FDA Receives Petition To Change Labels On Painkillers

July 26, 2012
Image Credit: Photos.com

Connie K. Ho for redOrbit.com — Your Universe Online

A group of clinicians, researchers, and health officials recently submitted a petition requesting the U.S. Food and Drug Administration (FDA) to regulate labels on opioid painkillers in an effort to stop abuse of the drugs.

In the petition, the authors describe how opioid labels are overly broad and simply state “moderate to severe pain.”

“These overly broad indications imply a determination by FDA that they are safe and effective for long-term use. As outlined below, an increasing body of medical literature suggests that long-term use of opioids may be neither safe nor effective for many patients, especially when prescribed in high doses,” the authors wrote in the letter.

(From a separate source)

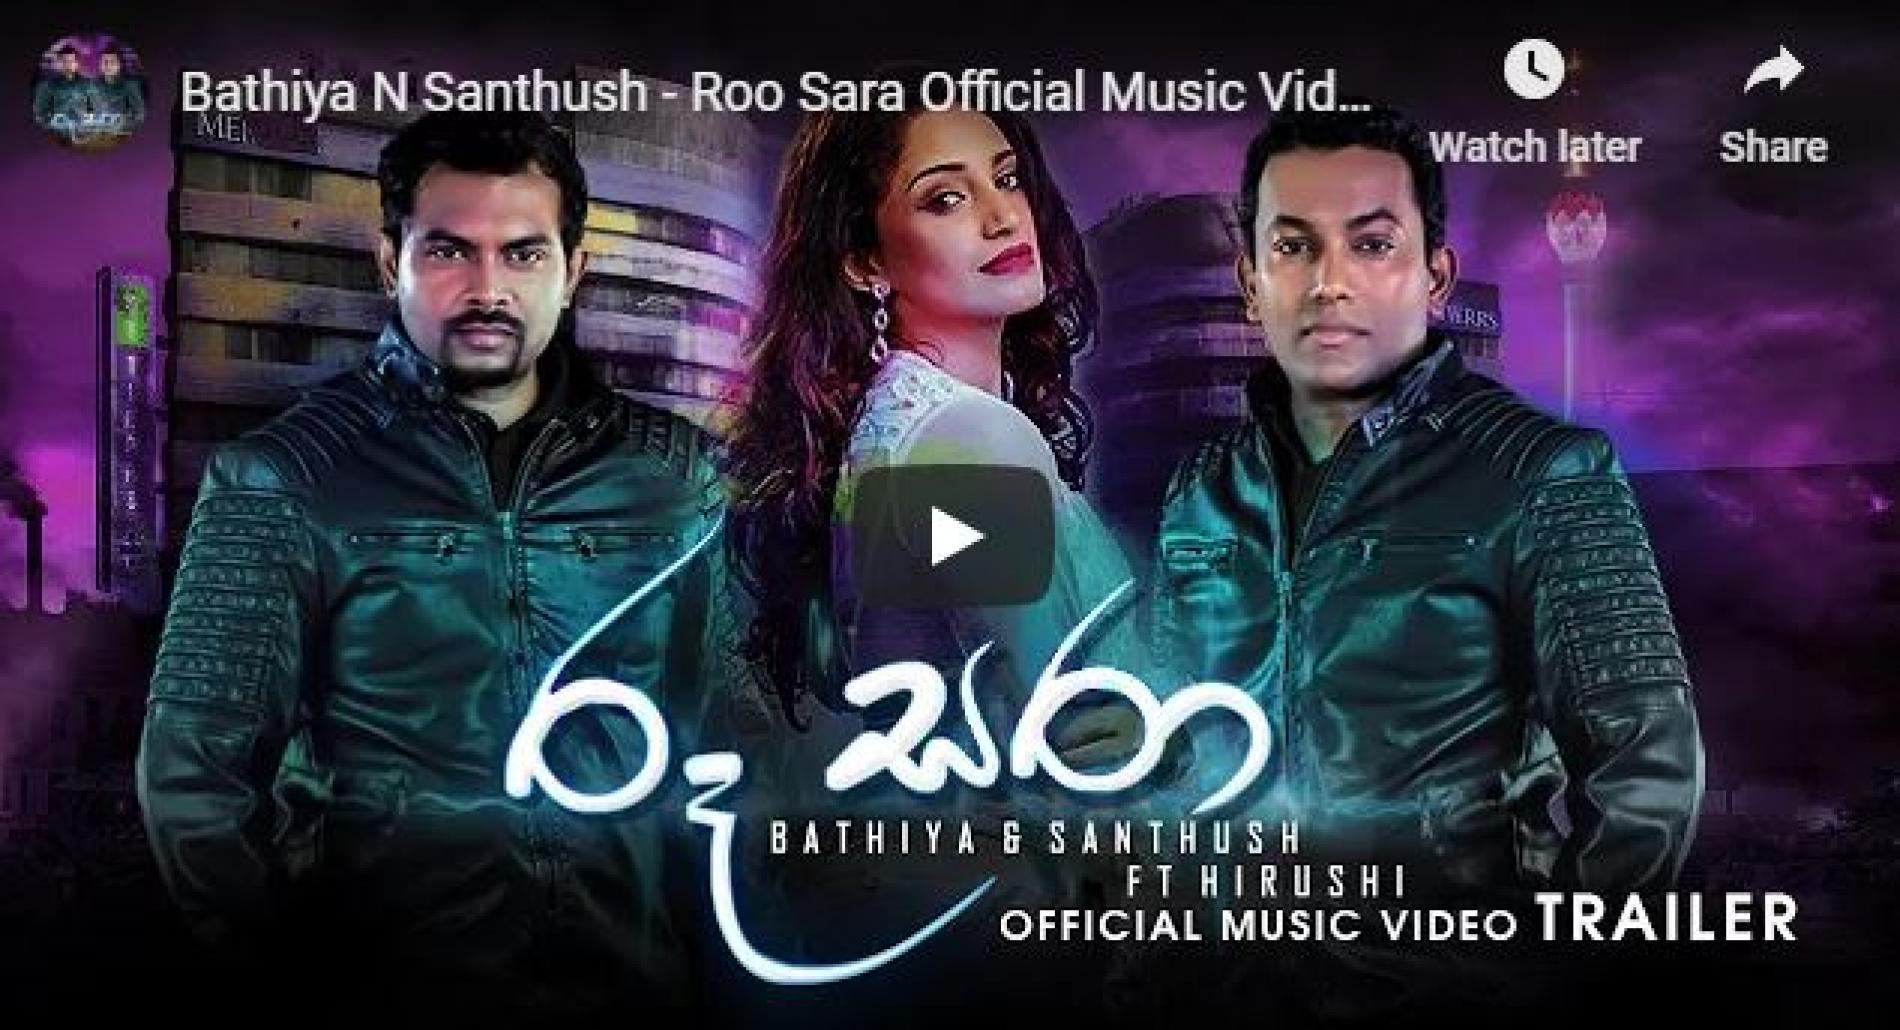 News : Bathiya N Santhush – Roo Sara Official Music Video Trailer

According to the New York Times, the drugs can be placed into two categories. One category includes short acting drugs like Percocet or Vicodin, where a narcotic is mixed with an over-the-counter painkiller. The other category, which applies to drugs like fentanyl, methadone, and OxyContin, includes long-acting painkillers that have a pure narcotic.

One of the requests by the authors is that the term “moderate” be changed to include a suggested maximum dose equivalent to 100 milligrams of morphine with a suggested duration of use. They also state that the label changes are necessary to reflect new medical evidence. Scientific studies have not demonstrated the long-term effectiveness and safety of taking opiod painkillers.

“It´s clear that the short-term effects, on the basis for which they are approved and marketed, do not mirror their effects in long-term use. In the absence of long-term studies demonstrating safety and effectiveness, we need limits on what drug companies can claim about opioids,” explained Dr. Edward Covington, director of the Neurological Center for Pain at the Cleveland Clinic, in a prepared statement.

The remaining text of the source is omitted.